Это было непредставимо — неужели этого многолюдного, кипучего города, который
они так хорошо знали, не стало? Не стало красивых домов в густой тени деревьев,
не стало больших магазинов и нарядных отелей? Мелани с трудом удерживалась от
слез — ведь в этом городе она родилась, там был ее дом. У Скарлетт тоже
защемило сердце, потому что она успела полюбить Атланту — этот город стал для
нее второй родиной после Тары.
— Ну, почти что все, — поспешил смягчить свой удар
Фрэнк, обескураженный расстроенными лицами дам, и тут же постарался придать
себе веселый вид — он же никак не хотел их огорчить. Это мгновенно повергло в
расстройство его самого, и он испытывал чувство ужасной беспомощности. Нет, он
не мог заставить себя сказать страшную правду. Пускай узнают ее от кого-нибудь
другого.
Не мог он поведать им о том, что увидела армия конфедератов
после своего возвращения в Атланту: ряды печных труб, акр за акром торчавших
над пепелищами; улицы, заваленные грудами обгорелых обломков и кирпича; старые
деревья, умиравшие от ожогов, роняя на землю обугленные ветви, которые уносило
порывами студеного ветра. Ему вспомнилось, как от этого зрелища дурнота
подступила у него к горлу, вспомнилось, какие ожесточенные проклятия срывались
с губ конфедератов, когда руины города предстали их глазам. Приходилось уповать
лишь на то, что женщины никогда не узнают об ограблении кладбища, так как это
совсем бы их убило. Чарльз Гамильтон и родители Мелани были похоронены там.

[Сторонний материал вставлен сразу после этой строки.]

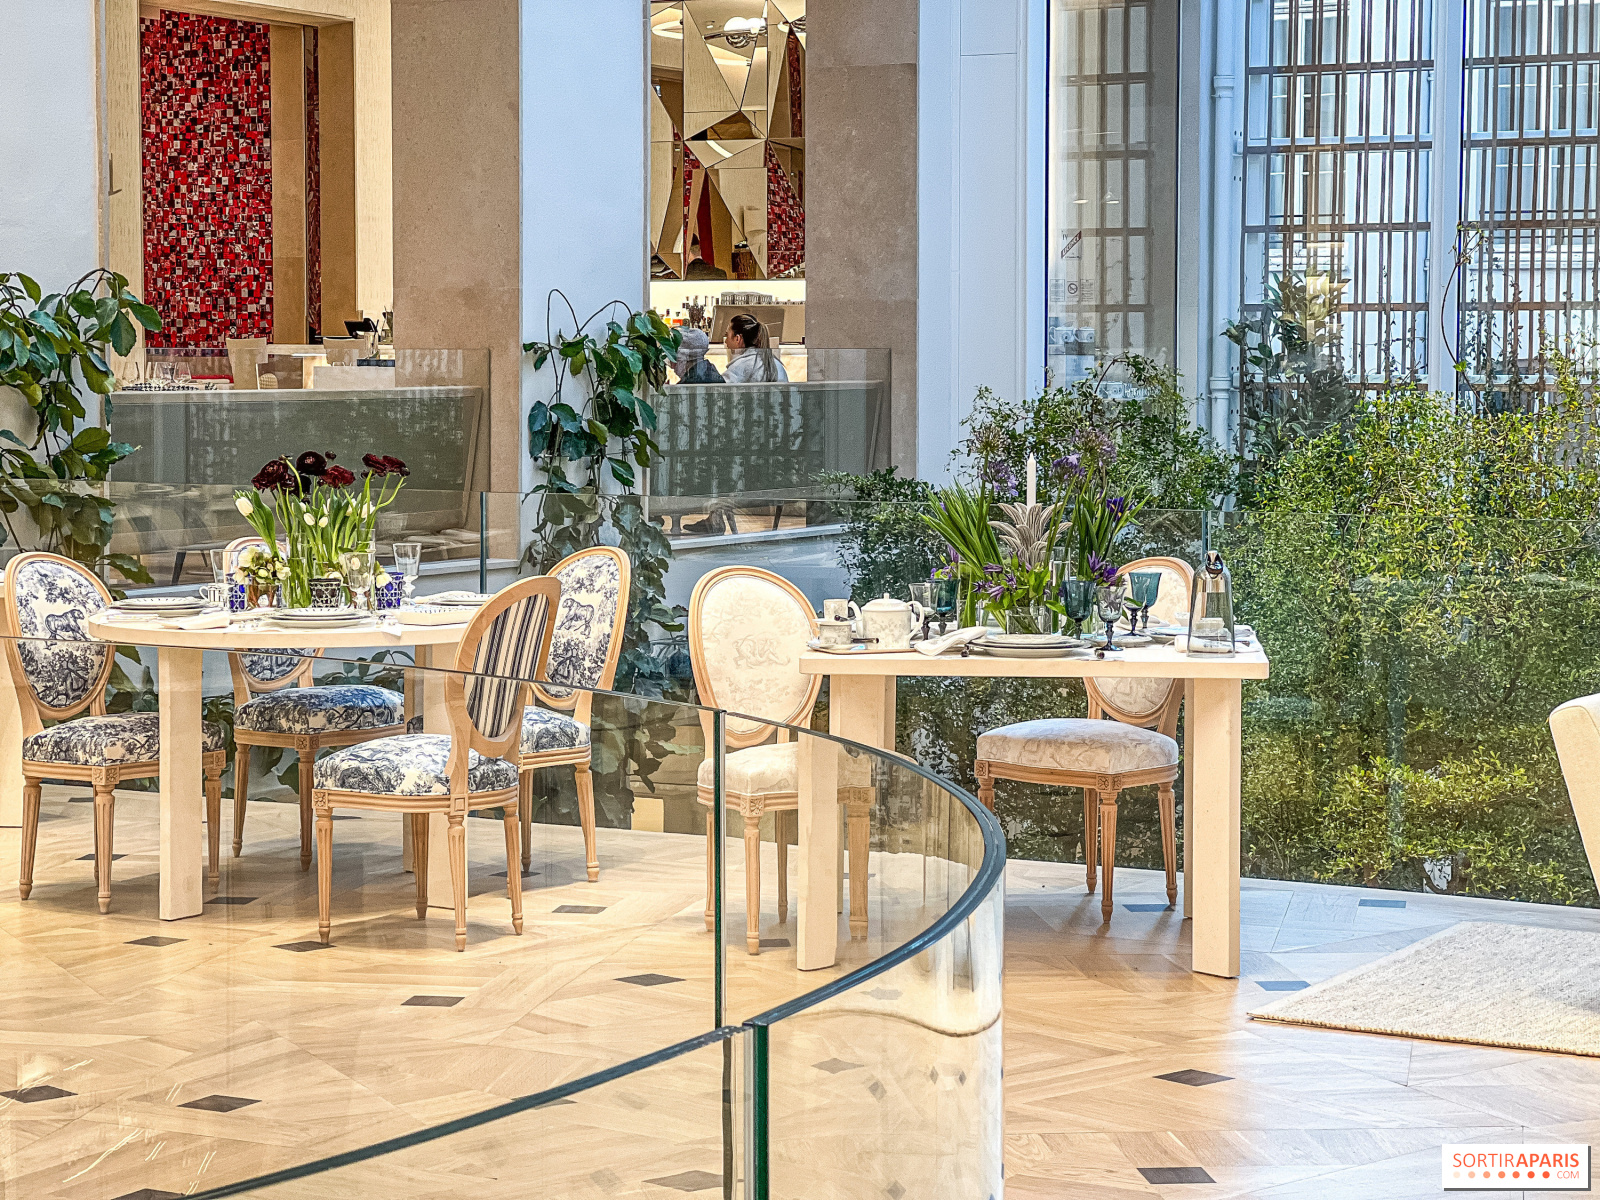 Dior Paris 30 Montaigne, store – museum, café and restaurant, opens

Фрэнка до сих пор мучили кошмары, в которых перед ним возникало это кладбище. В
поисках драгоценностей янки взламывали склепы, раскапывали могилы. Они грабили
трупы, срывали с гробов серебряные украшения и ручки, золотые и серебряные
именные таблички. Жалкую и страшную картину являли собой скелеты и еще не
истлевшие трупы, валявшиеся среди обломков своего последнего земного
пристанища.
Не мог поведать им Фрэнк и об участи кошек и собак. Домашние
животные играют слишком большую роль в жизни своих хозяек. А Фрэнк и сам очень
любил и кошек и собак, и зрелище сотен погибавших с голоду животных, оставшихся
без призора, когда их хозяев так внезапно и жестоко выгнали из города, потрясло
Фрэнка почти столь же глубоко, как вид разграбленного кладбища. Изголодавшиеся,
испуганные, замерзавшие от холода животные одичали, более сильные стали
нападать на слабых, а слабые ждали, когда издохнут слабейшие, и затем пожирали
их трупы. И над останками вымершего города грациозные стервятники испещряли
зимнее небо зловеще черными пятнами.
Фрэнк порылся в памяти, ища, каким утешительным сообщением
он мог бы сделать приятное женщинам.
— Кое-какие дома все же уцелели, — сказал
он. — Из тех, что стояли особняком на больших земельных участках, вдали от
других строений, и огонь до них не добрался. И церкви уцелели тоже, и здание
масонской ложи. И несколько магазинов. Но деловая часть города и все кварталы,
прилегающие к железнодорожным путям и к площади Пяти Углов, — все это,
увы, сровняли с землей.
— Значит, — вскричала Скарлетт, — тот склад
возле вокзала, который достался мне в наследство от Чарльза, тоже сгорел?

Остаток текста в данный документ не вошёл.